14.09.2018 21:20 Uhr: SEG-Mitte Einsatz #4/2018

 

Feuer in Teningen

Sachschaden nach Brand beläuft sich auf mehrere 100 000 Euro

Vier Häuser sind nach einem Großbrand in Teningen beschädigt und nicht mehr bewohnbar. Alle Bewohner sind in Sicherheit, zur Brandursache liegen noch keine Erkenntnisse vor.
  • Großbrand in Teningen  | Foto: Aribert Rüssel

TENINGEN. Die Feuersäule war weithin zu sehen. Ein Großbrand an der Kirchstraße/Ecke Riegeler Straße hielt die Einsatzkräfte der Teninger, Emmendinger und Endinger Feuerwehr am Freitagabend nach 21 Uhr bis in die Morgenstunden in Atem. Es entstand ein immenser Schaden, mehrere 100000 Euro nannte die Polizei in ihren ersten Meldungen. Zwei Feuerwehrleute wurden durch herunterfallende Ziegel leicht verletzt. Die Brandursache ist noch offen, die Polizei setzt einen Sachverständigen ein. Es war der größte Brand in Teningen seit dem Brand bei Tscheulin 1958.

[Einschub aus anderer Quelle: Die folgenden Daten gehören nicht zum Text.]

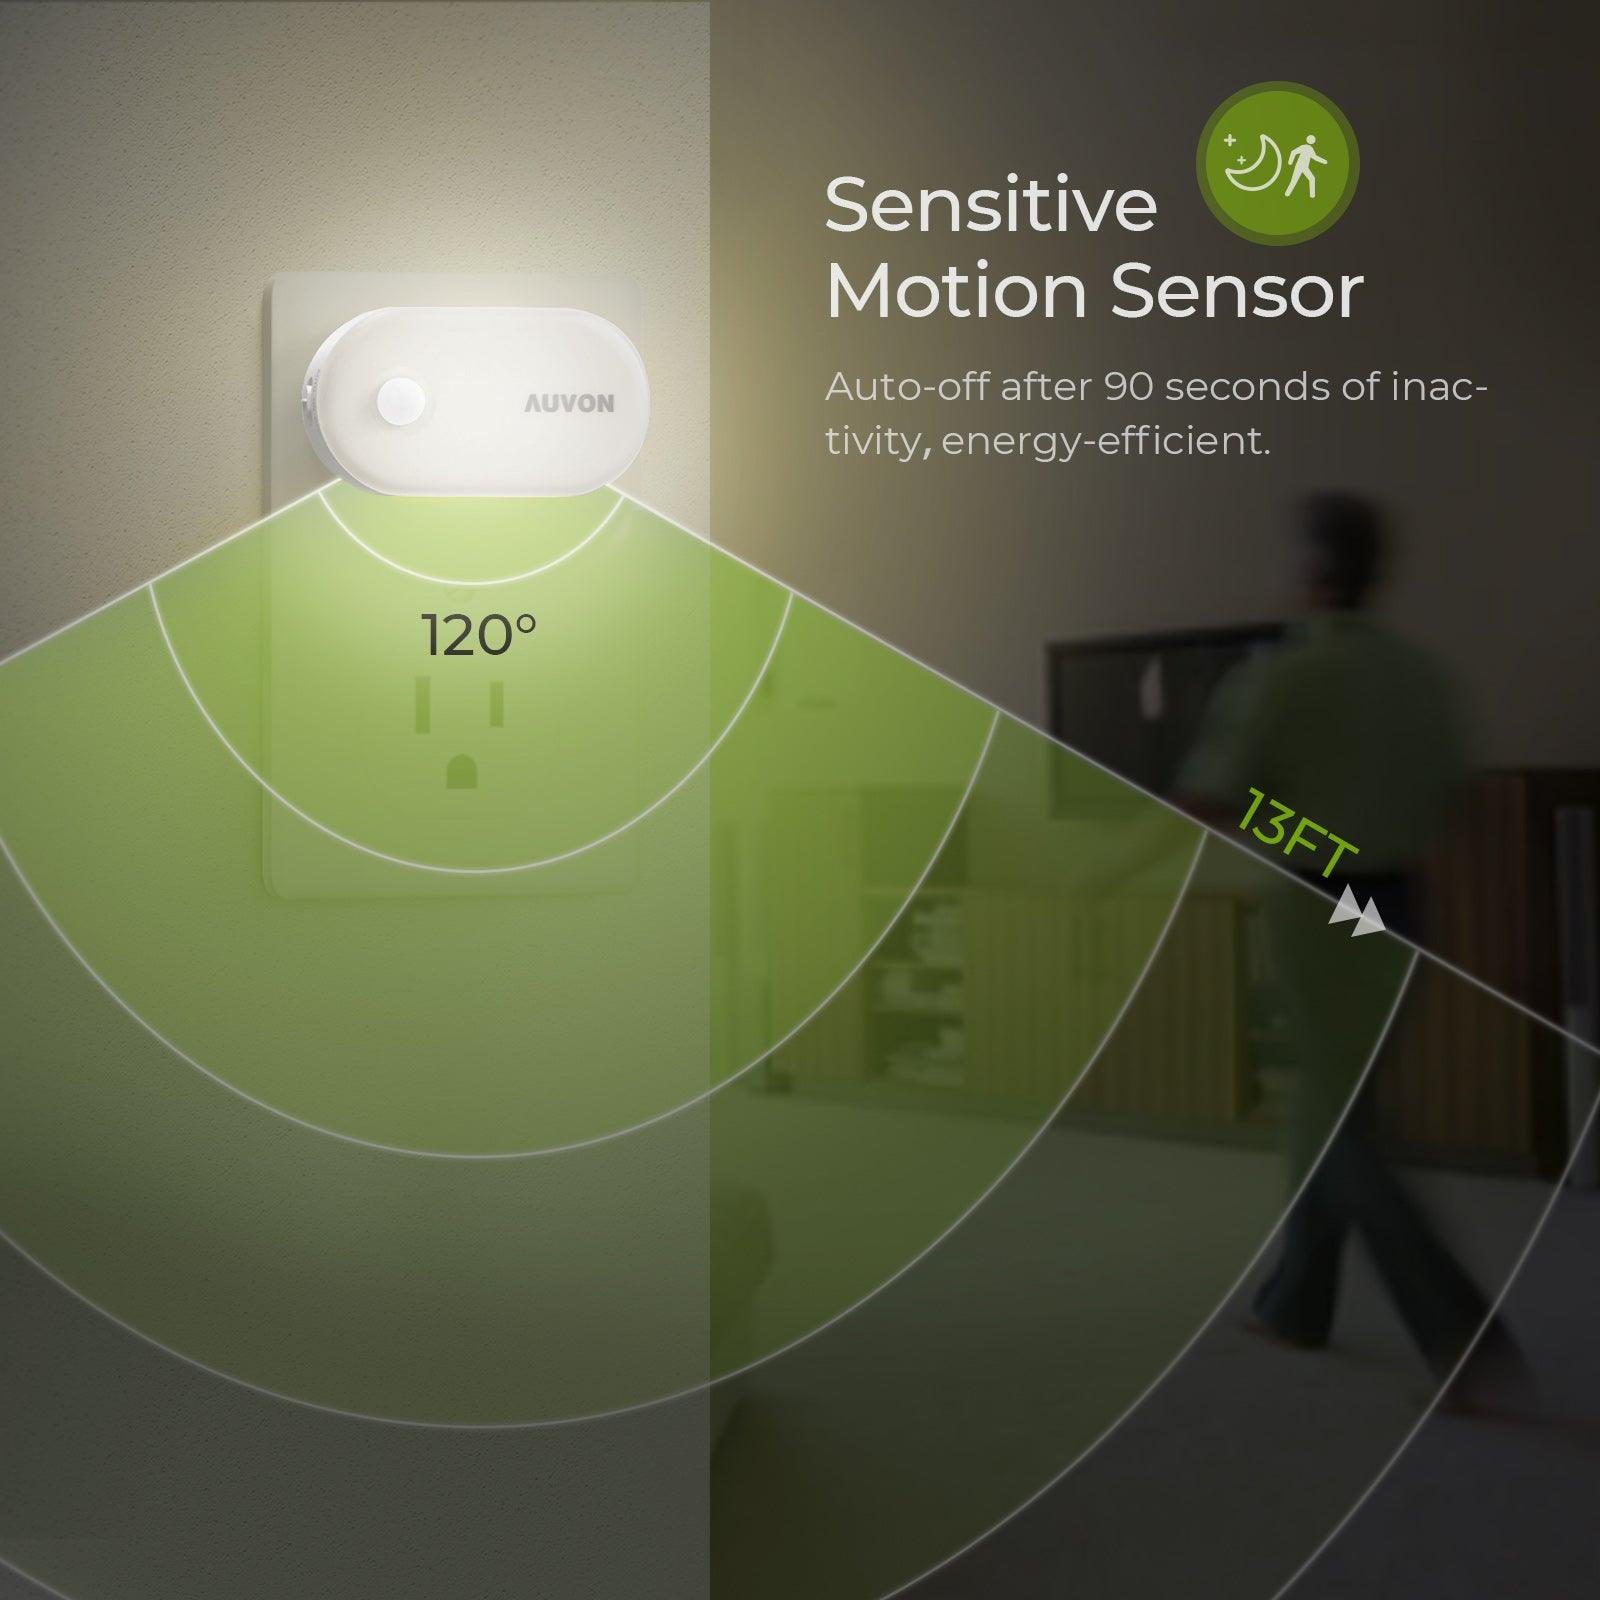 Toilet Night Light Motion Sensor the Original LED 8 Colors Toilet

Bereits nach sechs Minuten war das erste Fahrzeug und eine Minute später das erste Löschfahrzeug an der Einsatzstelle. Angesichts des Brandausmaßes war der Einsatzleitung sofort klar, alle verfügbaren Einsatzkräfte nachzualarmieren, sowie Emmendingen und Endingen zur Unterstützung anzufordern. Insgesamt waren 138 Feuerwehrleute, 25 DRK-Sanitäter und das Technische Hilfswerk mit neun Personen im Einsatz. Das THW sorgte bis 7 Uhr früh am Samstag für Licht: die Lichtmastanhänger der Ortsverbände Emmendingen und Müllheim wurden eingesetzt und die Teninger Feuerwehr dabei unterstützt, noch in der Nacht einen Bagger zur Einsatzstelle zu rufen. Mit diesem Bagger wurden einsturzgefährdete Gebäudeteile niedergelegt – ein Giebel wurde wegen extremer Einbruchgefahr mit einem Bagger abgerissen – und Brandnester freigelegt. Insgesamt waren neun THW-Helfer unter Leitung des Emmendinger Zugführers Andreas Fleig im Einsatz.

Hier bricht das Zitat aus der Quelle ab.